Construct Traceable and Evaluated LLM Workflows Utilizing Promptflow, Prompty, and OpenAI

(WORK_DIR / “decide.prompty”).write_text(“””—
identify: Decide
mannequin:
api: chat
configuration:
kind: openai
connection: open_ai_connection
mannequin: gpt-4o-mini
parameters:
temperature: 0
max_tokens: 150
response_format: {kind: json_object}
inputs:
query: {kind: string}
reply: {kind: string}
anticipated: {kind: string}
—
system:
You might be an exacting grader. Resolve whether or not the assistant’s reply comprises the anticipated reality (case-insensitive, permitting affordable phrasing/synonyms). Reply ONLY as JSON: {“rating”: 0 or 1, “cause”: “…”}.

consumer:
Query: {{query}}
Anticipated: {{anticipated}}
Reply: {{reply}}
“””)

(WORK_DIR / “eval_flow.py”).write_text(textwrap.dedent(”’
import json
from pathlib import Path
from promptflow.tracing import hint
from promptflow.core import Prompty

BASE = Path(__file__).mum or dad

class Evaluator:
def __init__(self):
self.decide = Prompty.load(supply=BASE / “decide.prompty”)

@hint
def __call__(self, query: str, reply: str, anticipated: str) -> dict:
uncooked = self.decide(query=query, reply=reply, anticipated=anticipated)
if isinstance(uncooked, str):
strive: uncooked = json.hundreds(uncooked)
besides Exception: uncooked = {“rating”: 0, “cause”: f”unparseable:{uncooked[:80]}”}
return {“rating”: int(uncooked.get(“rating”, 0)), “cause”: str(uncooked.get(“cause”,””))}

def __aggregate__(self, line_results):
“””Run-level aggregation.
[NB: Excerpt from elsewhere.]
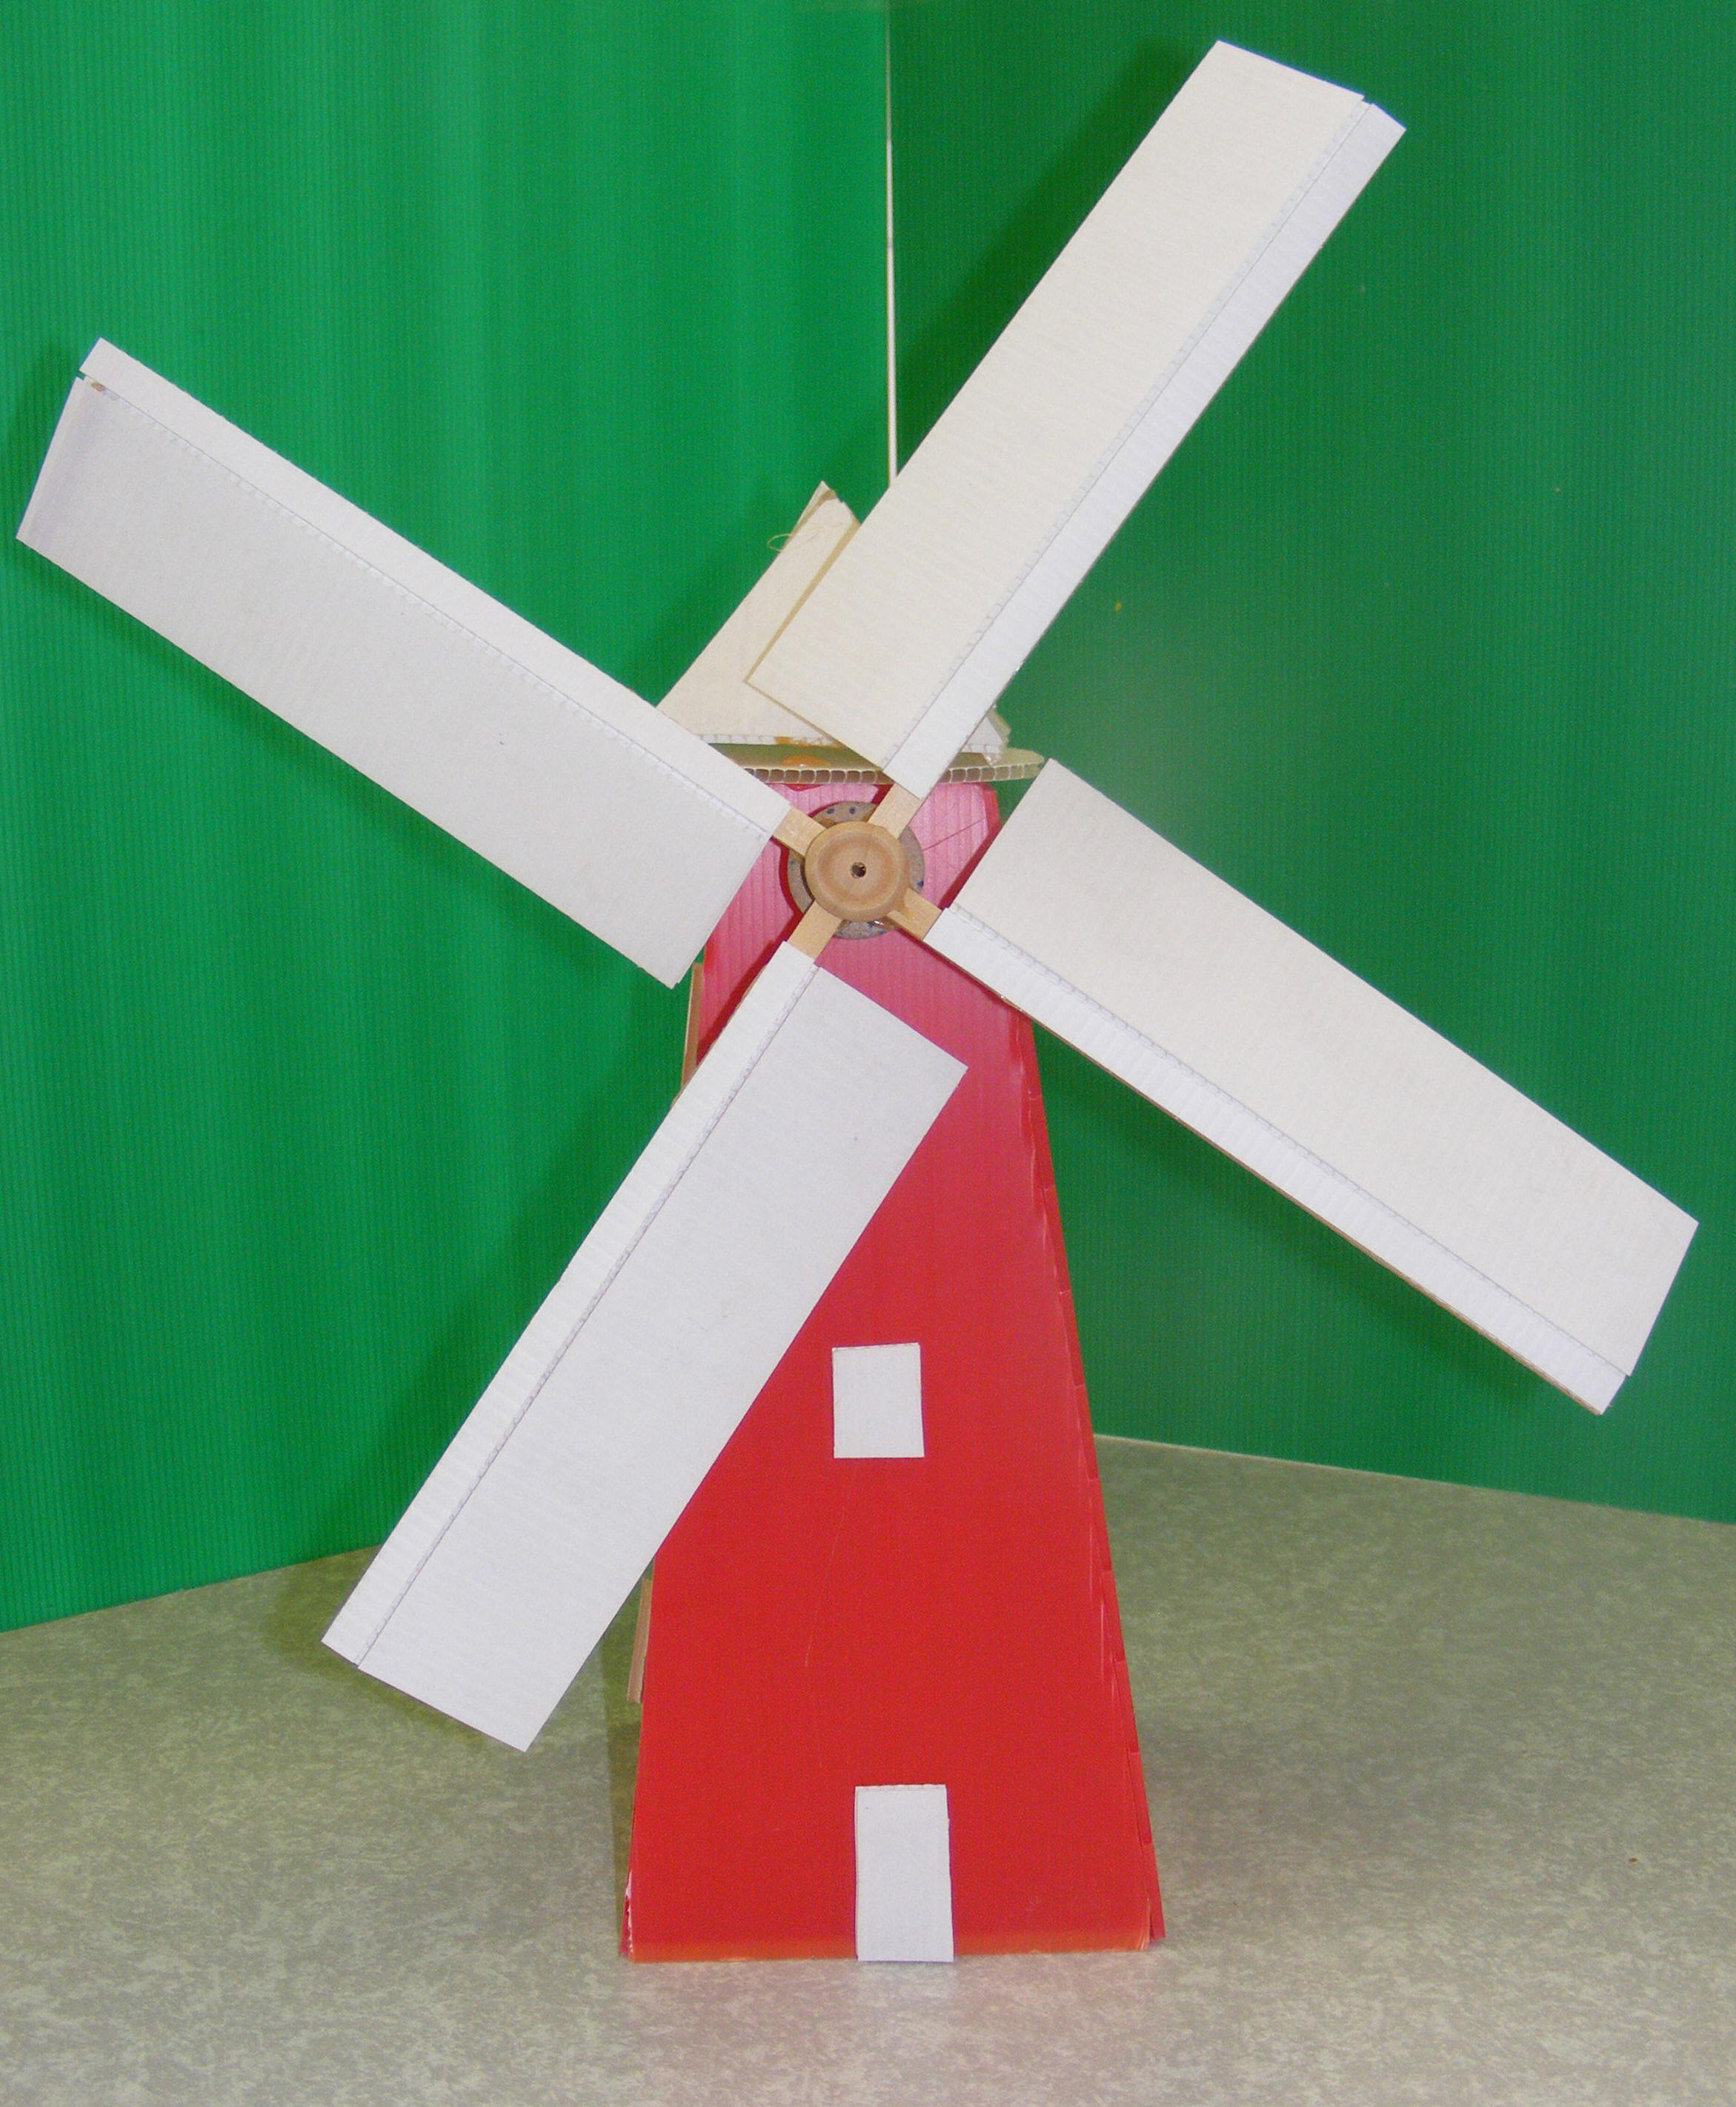 Model Windmills:

No matter this returns exhibits up in pf.get_metrics().”””
scores = [r[“score”] for r in line_results if r]
return {
“accuracy”: (sum(scores) / len(scores)) if scores else 0.0,
“handed”: sum(scores),
“whole”: len(scores),
}
”’))

(WORK_DIR / “eval.flex.yaml”).write_text(
“$schema: https://azuremlschemas.azureedge.internet/promptflow/newest/Movement.schema.jsonn”
“entry: eval_flow:Evaluatorn”
)

print(“n=== Analysis run ===”)
eval_run = pf.run(
movement=str(WORK_DIR / “eval.flex.yaml”),
knowledge=str(data_path),
run=base_run,
column_mapping={
“query”: “${knowledge.query}”,
“anticipated”: “${knowledge.anticipated}”,
“reply”: “${run.outputs.reply}”,
},
stream=True,
)

eval_details = pf.get_details(eval_run)
print(eval_details)

print(“n=== Aggregated metrics (from __aggregate__) ===”)
print(json.dumps(pf.get_metrics(eval_run), indent=2))

import pandas as pd
if “outputs.rating” in eval_details.columns:
s = pd.to_numeric(eval_details[“outputs.score”], errors=”coerce”).fillna(0)
print(f”Handbook accuracy: {s.imply():.2%} ({int(s.sum())}/{len(s)})”)

What's Hot

NYT Strands hints and solutions for Tuesday, Might 12 (sport #800)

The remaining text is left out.